Intimate landscapes is a series of close-up views of the ground taken during our visit to the Konya closed basin. The photographic documentation will act as the instigator for a philosophical inquiry about the act of treading over an entity that has a time scale of its own, which both reveals and conceals the processes within.
Soil Horizons, an intentional pun on the technical term, is a series of 30-second to 60-second videos shot with a hand-held phone camera from inside a minibus on the D-330 motorway cutting through the entire Central Anatolian steppe. Recorded during different times of the day and different weather conditions, this series will feature the vast expanse of industrial agricultural lands, volcanic formations, roadside spring flowers, monoculture plantations, amazing cloud formations and an almost uninterrupted flatness that eventually culminates in the steep incline of the Taurus mountains.
SOUNDCAPES
How do senses beyond vision influence land analysis? How is sound used in land analysis? How do our combined senses contribute to our understanding of spatial relationships? In what ways does this understanding offer insights about the land that visual perception alone cannot? What experience does sound provide along an exploration route with designated stop points, complementing vision?
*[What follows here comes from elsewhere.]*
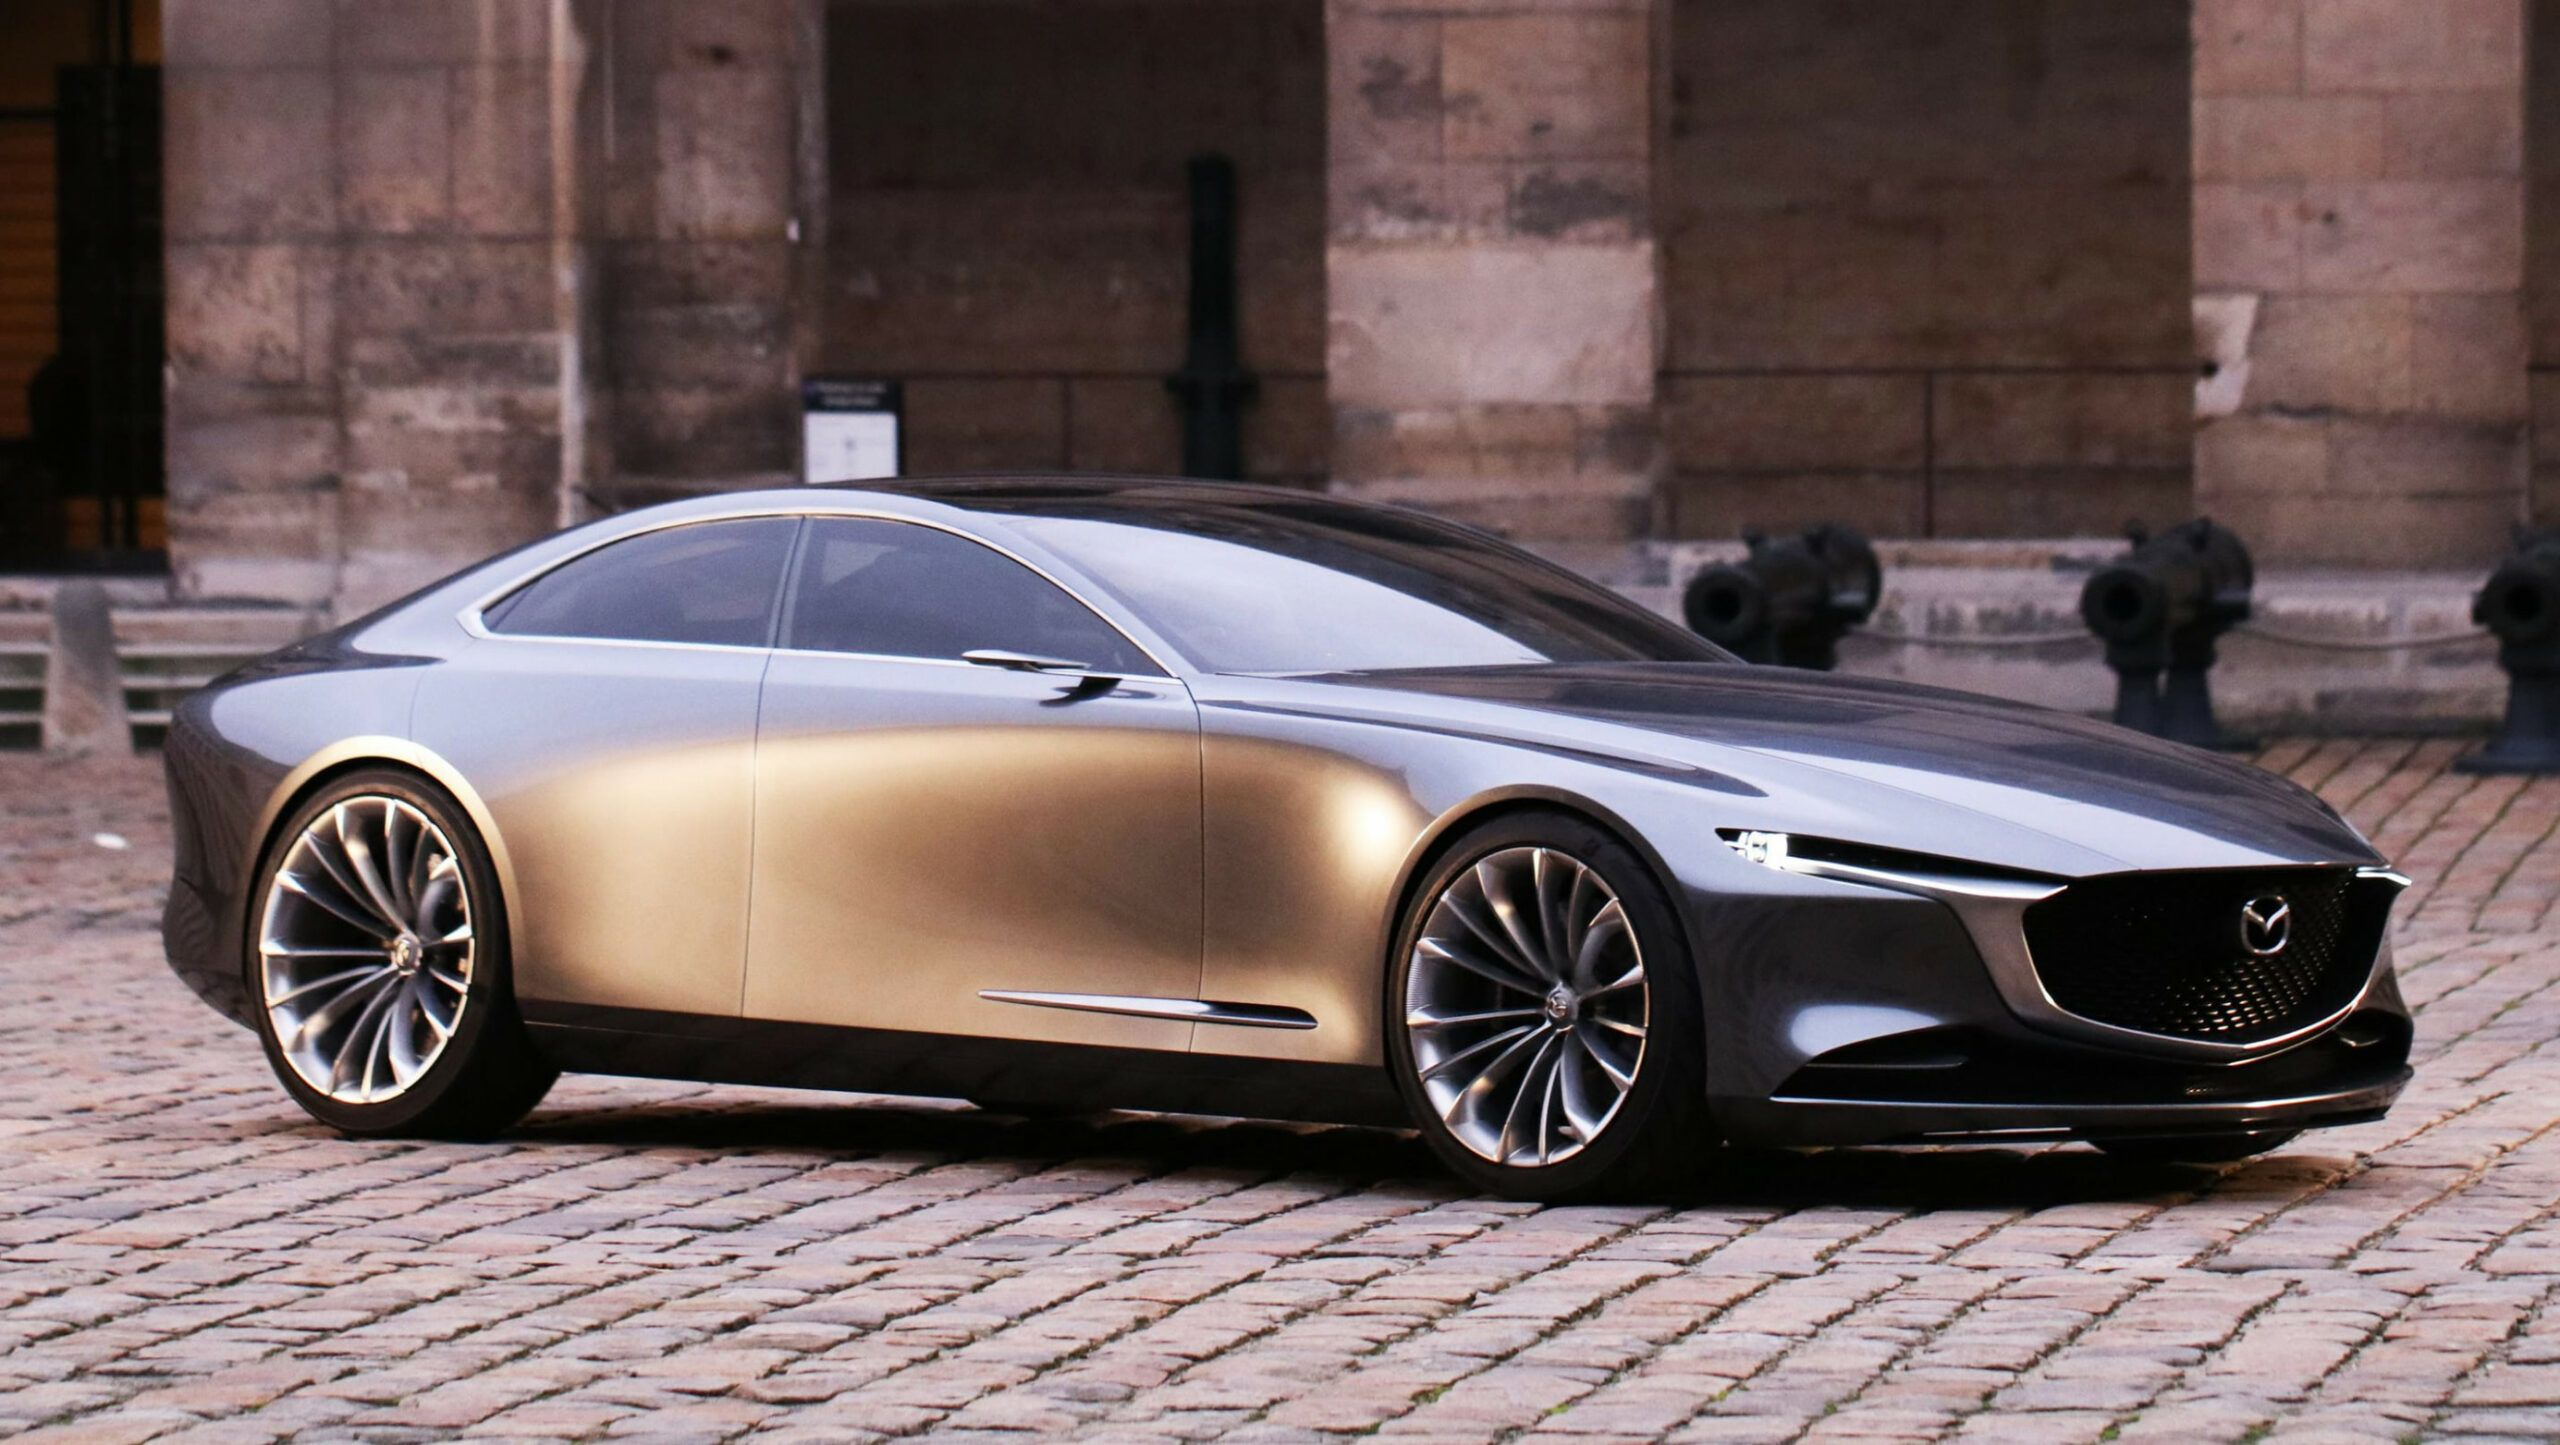 7 Image Mazda E Plan Pricing 2020 In 2020 Mazda Cars Mazda Mazda 6 Coupe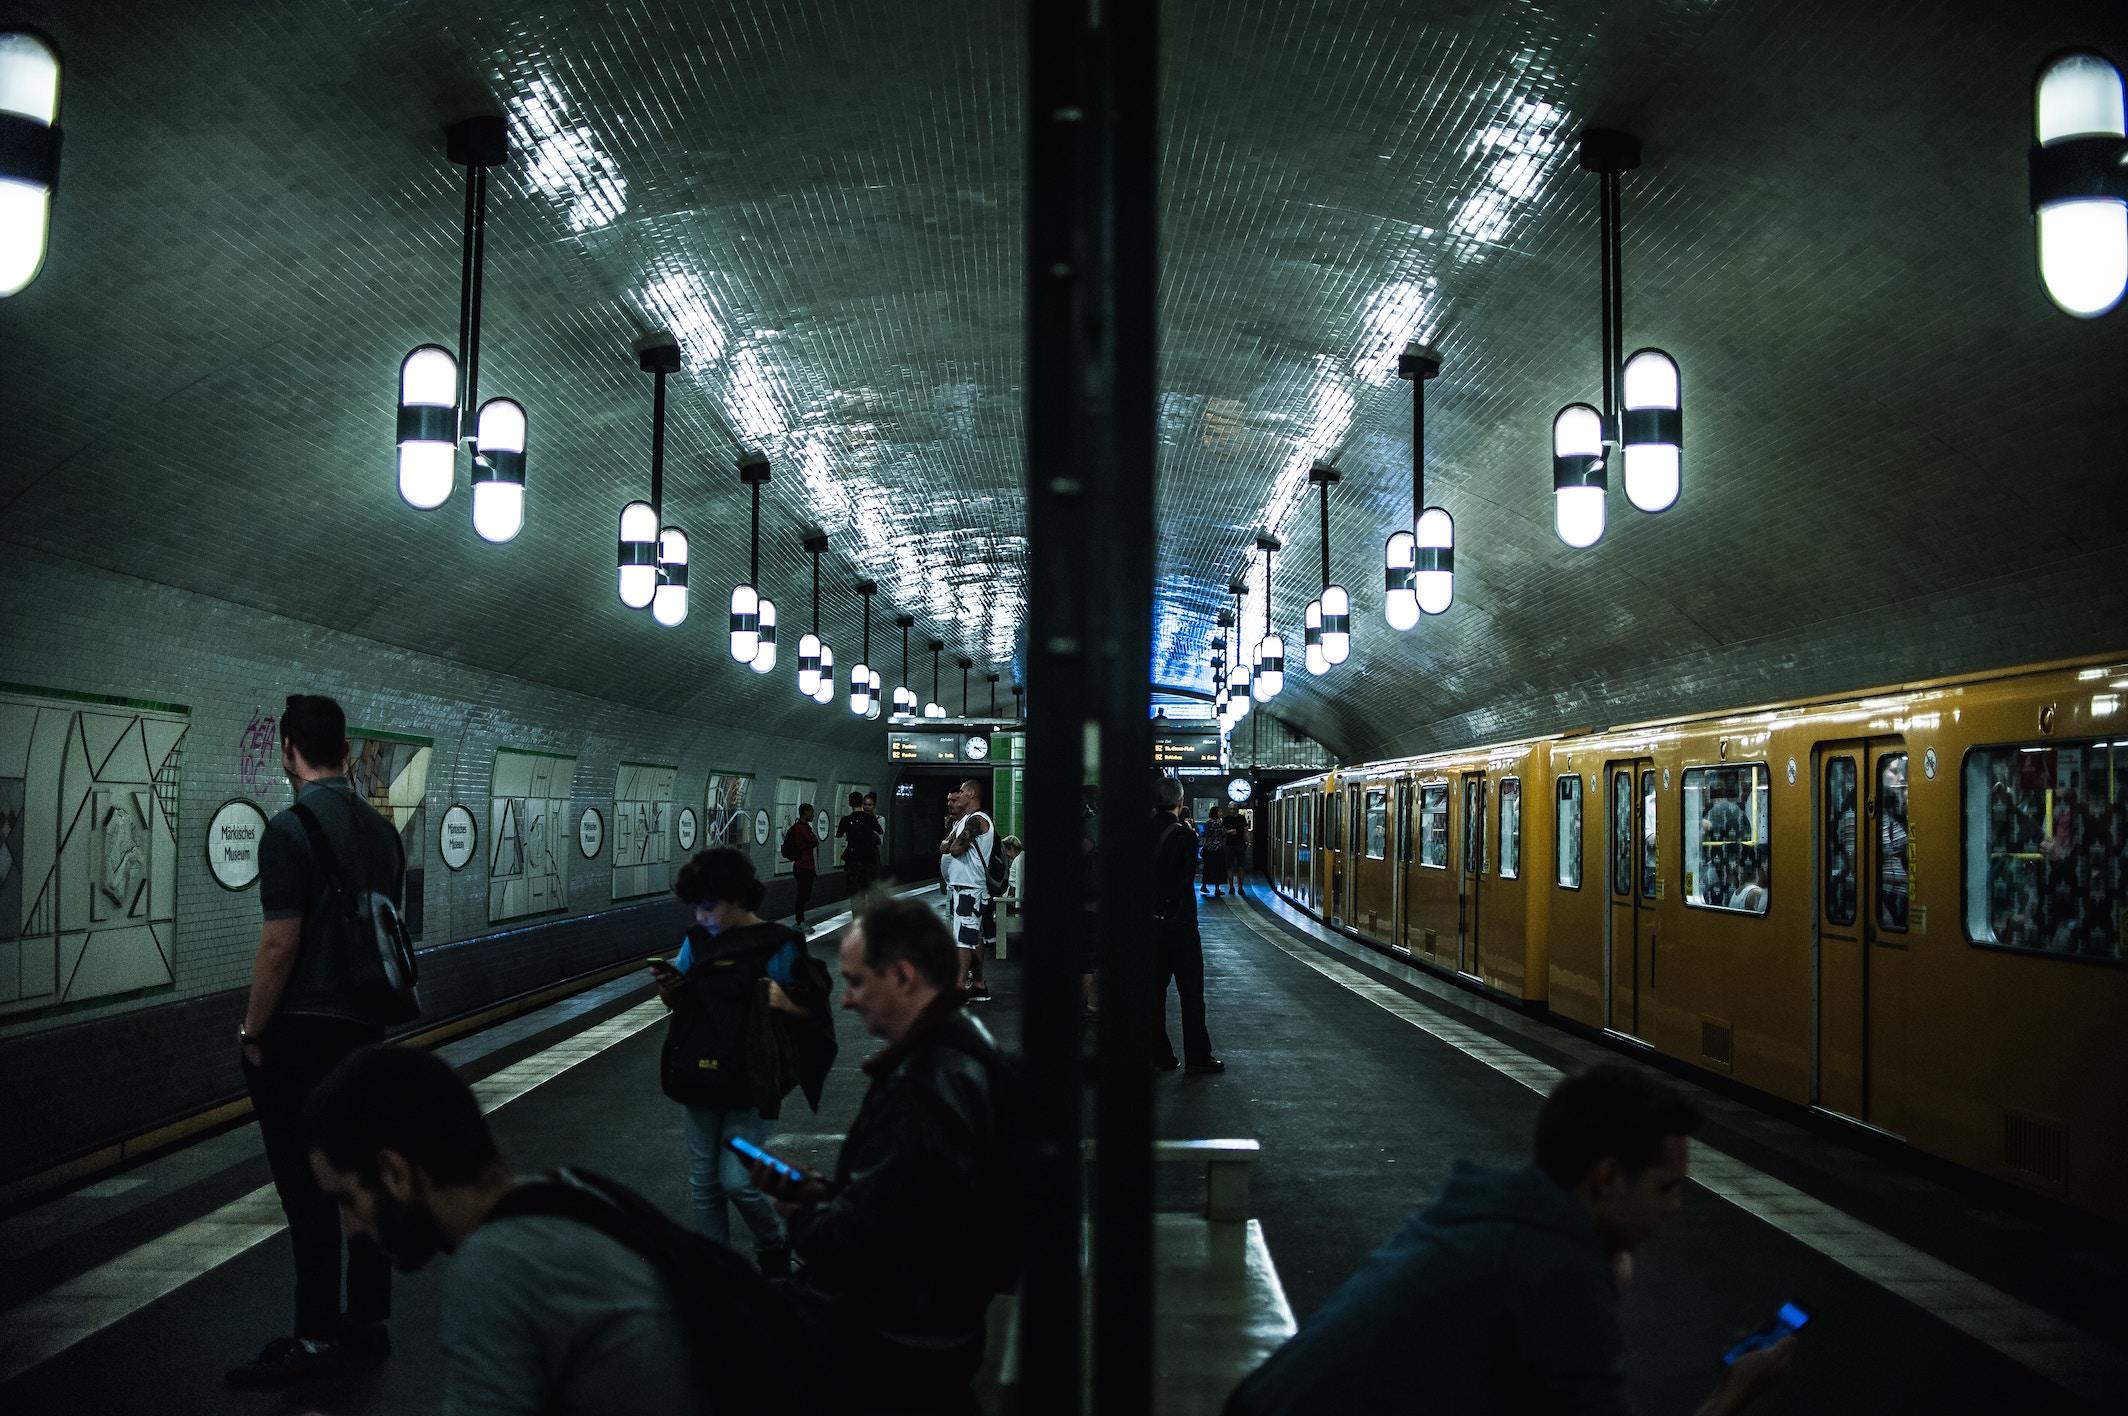 高雄駅の地下化された新駅舎を徹底解説!便利になったおすすめポイントも紹介

Within the scope of this research, the exploration route created in the Konya Closed Basin incorporated sound alongside vision, aiming to integrate auditory perception into analysis studies. Experiencing space solely through vision is limited to a linear perspective. However, land encompasses relationships that must be understood in all dimensions. In this context, sound addresses this limitation by providing a three-dimensional interaction.

“Traveling in Anatolia, once you look around with careful, adoptive eyes, you don’t just see the plant cover, you see beyond what is there. Anatolia does not just mean a place (a geography), it means a part of the marching time...” Hikmet Birand, Conversations with the Hawthorn Tree, 1968.